● TASK TO COMPLETE
Skip all pictures, then copy the lines from the start of the data through the line with "100+ Social Media", keeping both ends.

● PROVIDED MATERIAL
- - - - -

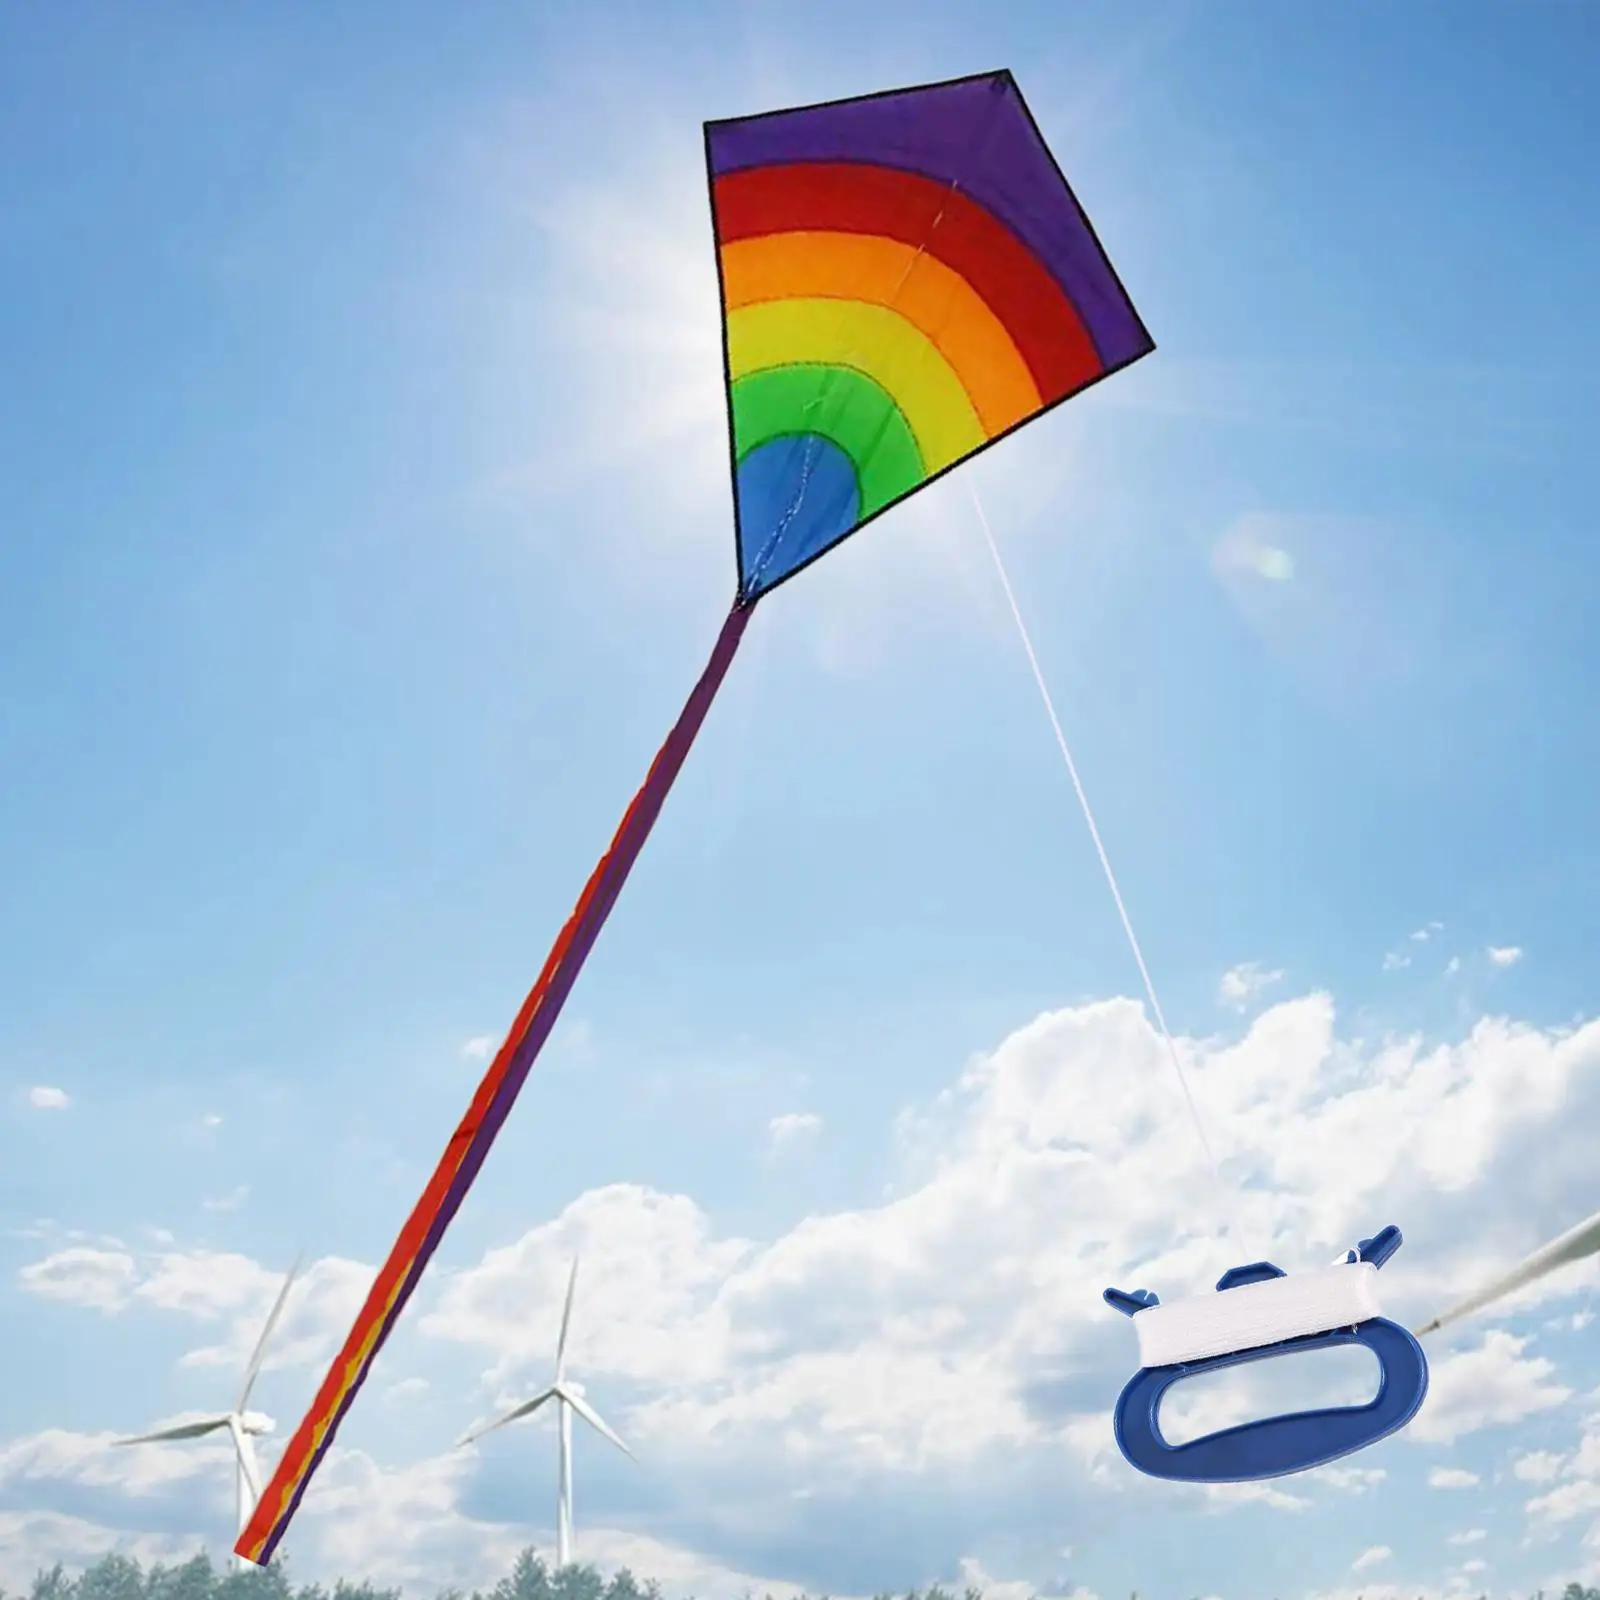 75x64cm Large Rainbow Diamond Kite with 6.56ft Long Tail for Beginners
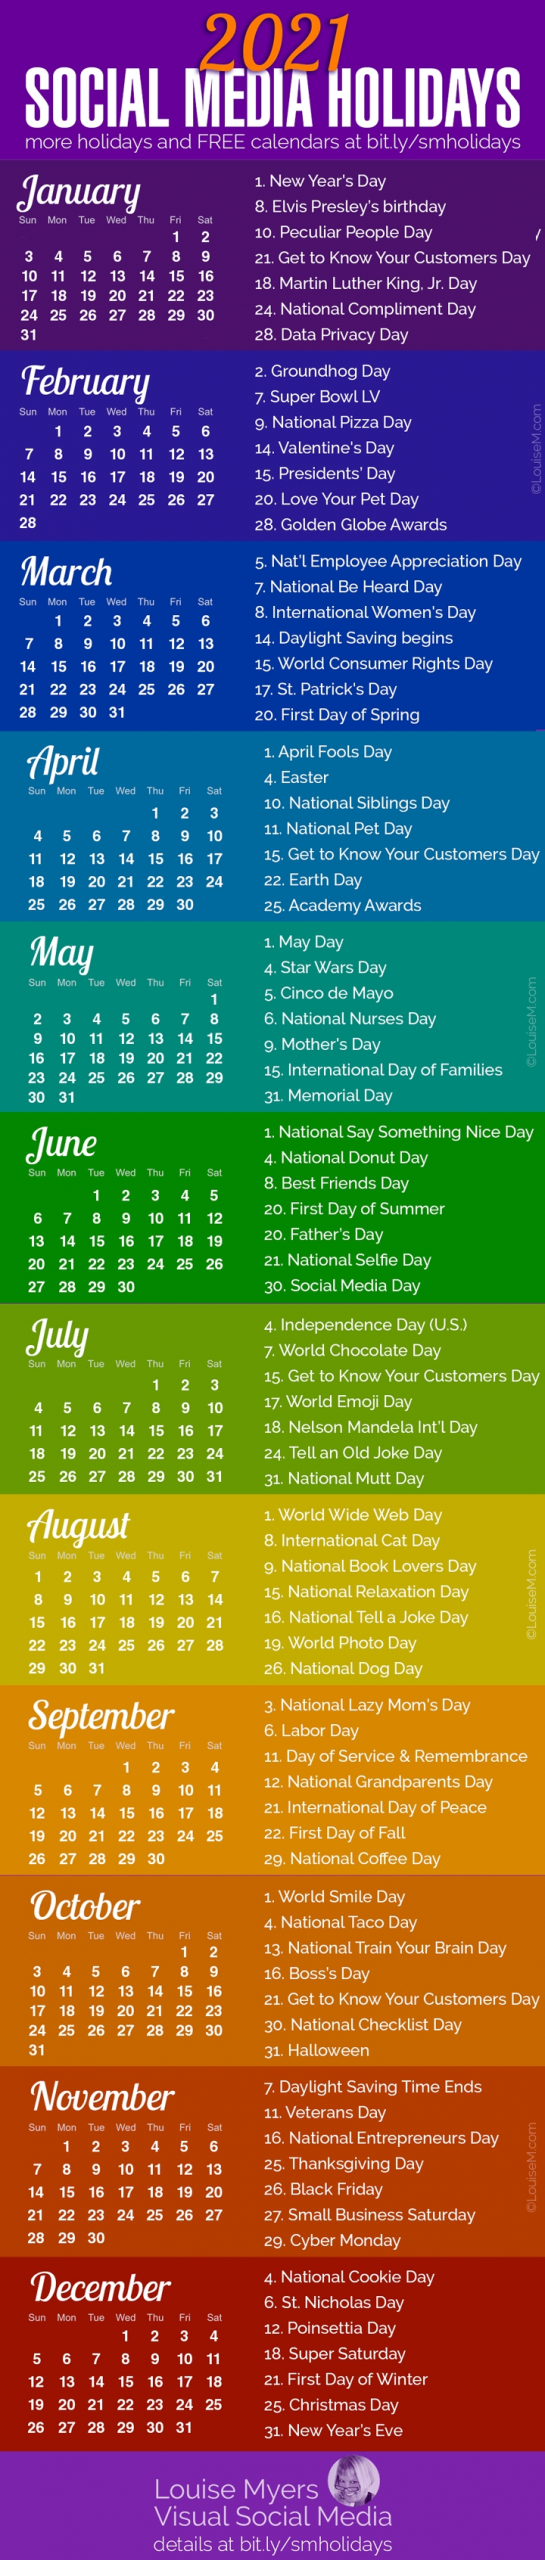 100+ Social Media Holidays You Need In 2020-21: Indispensable!-National Food Days In May 2021
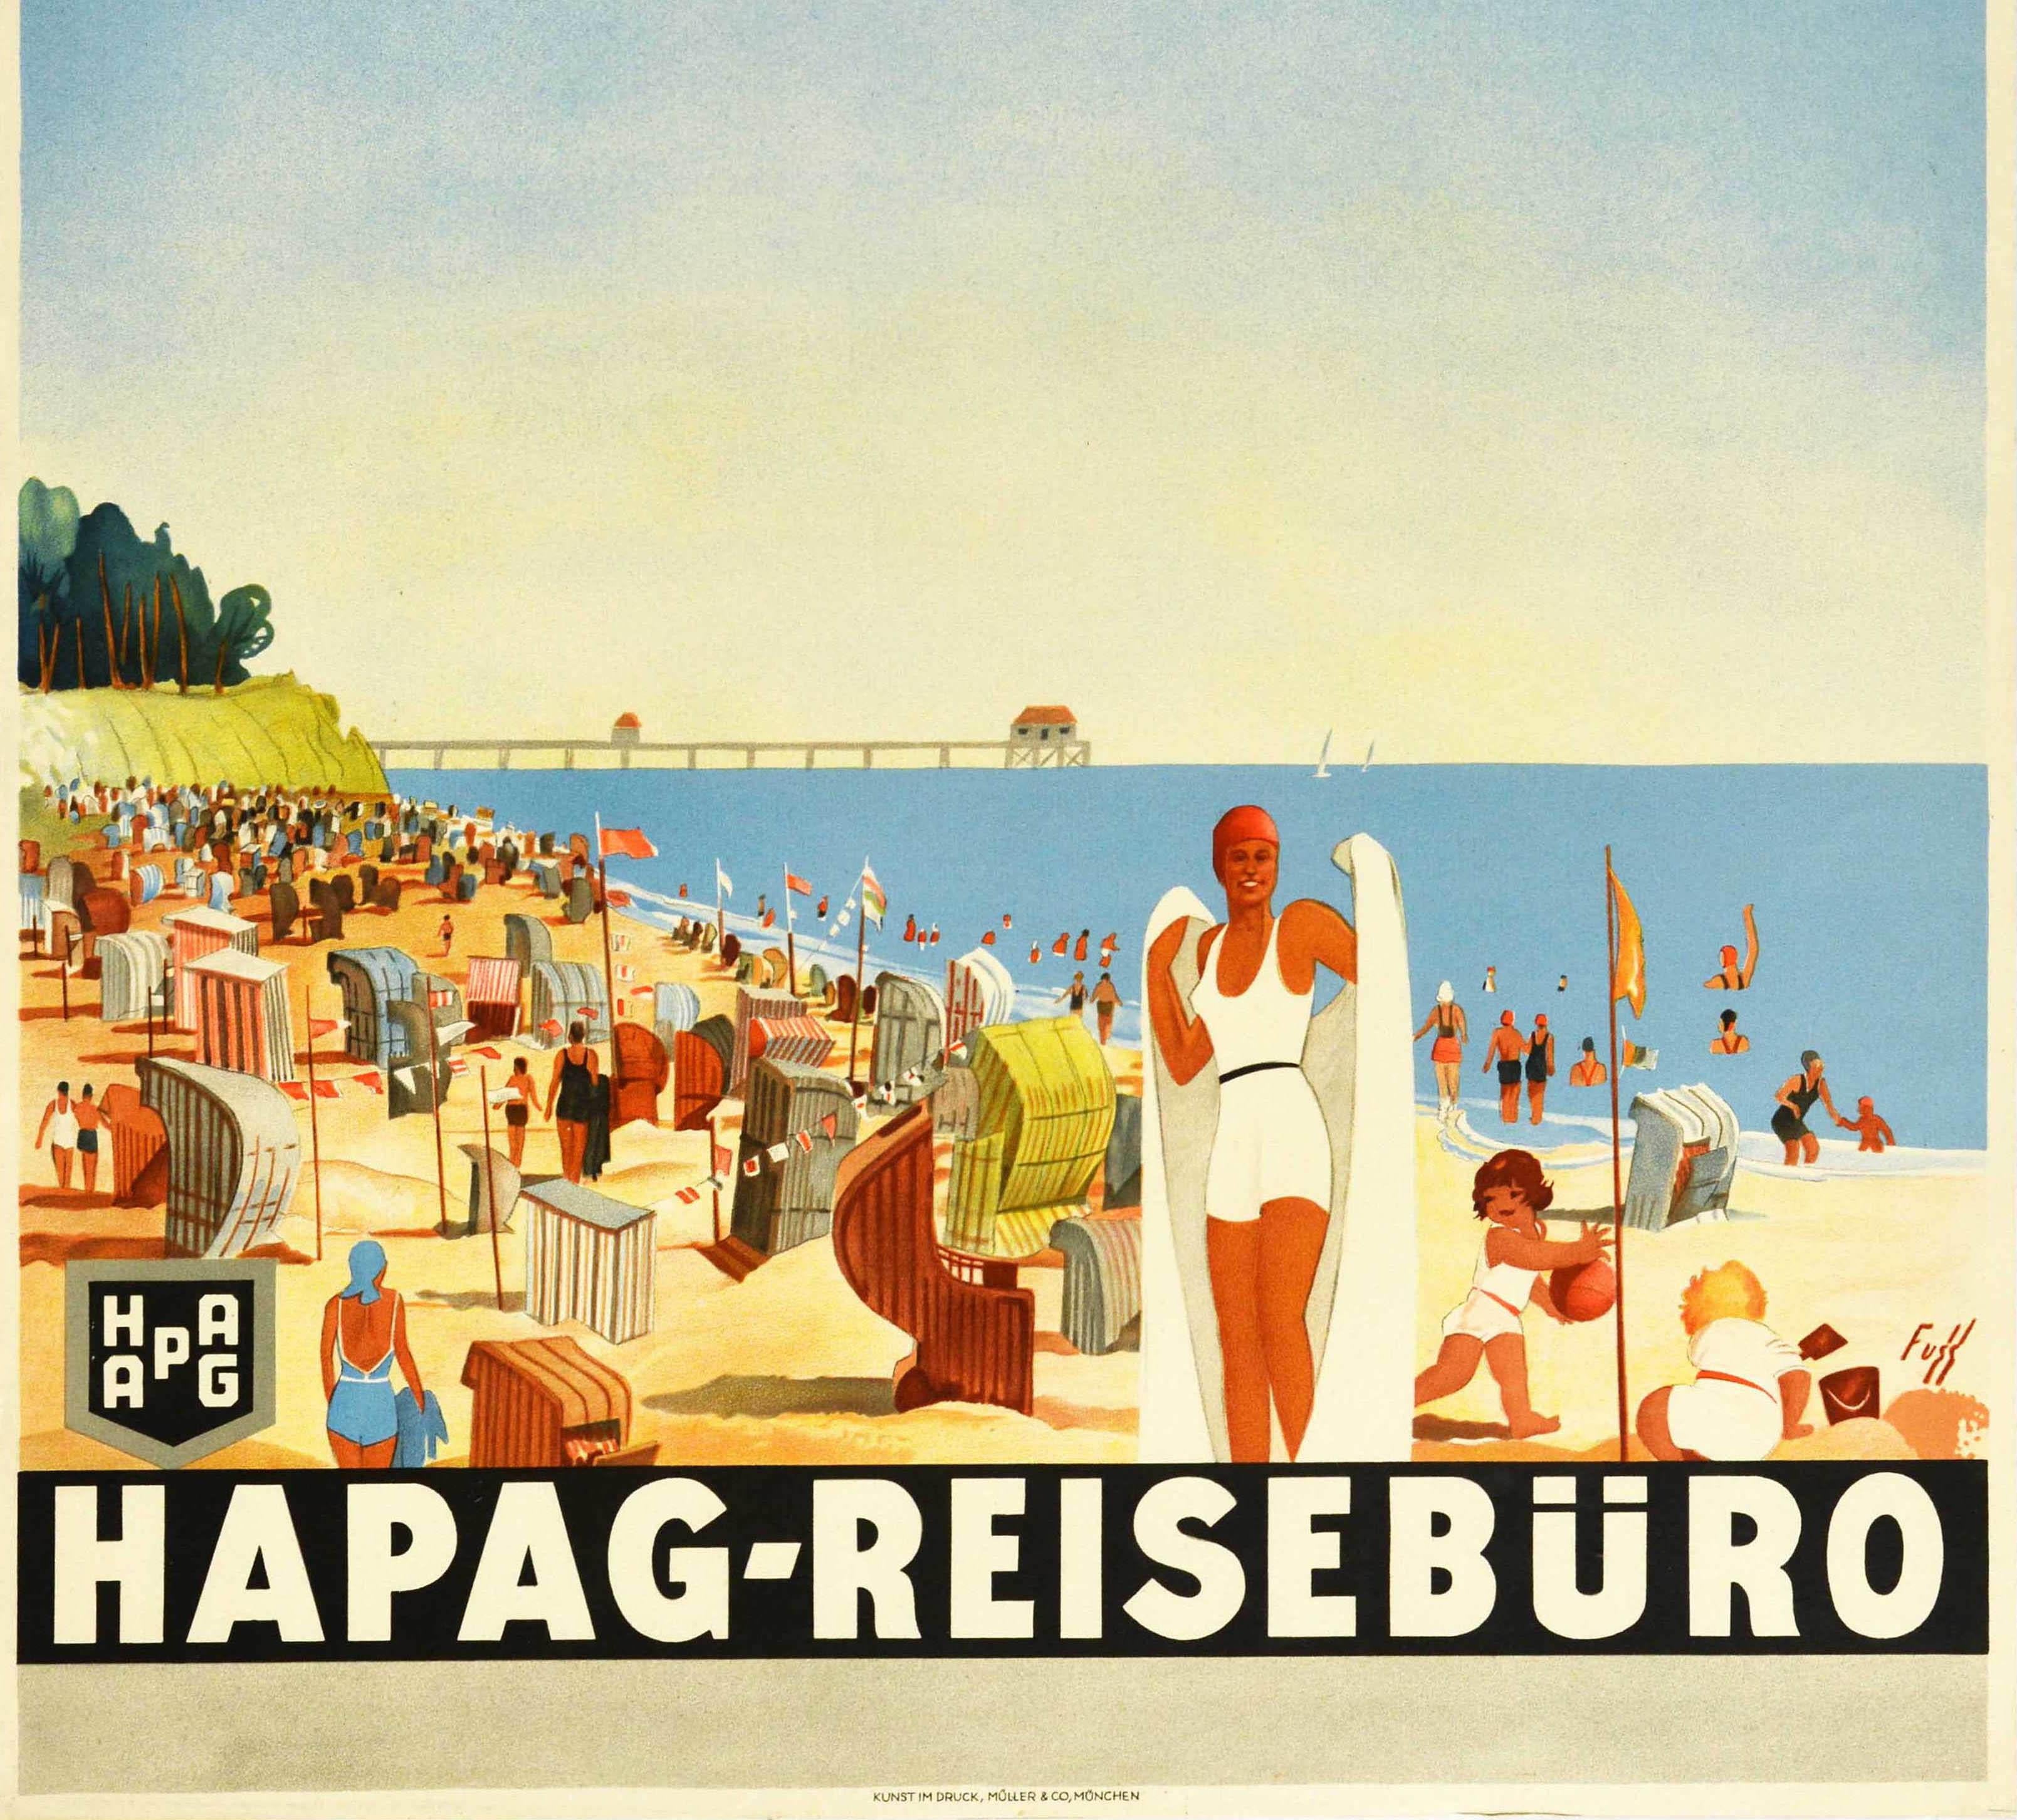 Original vintage travel poster for Hapag Reiseburo travel agency featuring a stunning Art Deco design by Albert Fuss (1889-1969) showing a lady in a fashionable swimsuit covering herself with a white towel in front of a summer seaside holiday scene

- - - - -

● FINAL ANSWER
 75x64cm Large Rainbow Diamond Kite with 6.56ft Long Tail for Beginners
 100+ Social Media Holidays You Need In 2020-21: Indispensable!-National Food Days In May 2021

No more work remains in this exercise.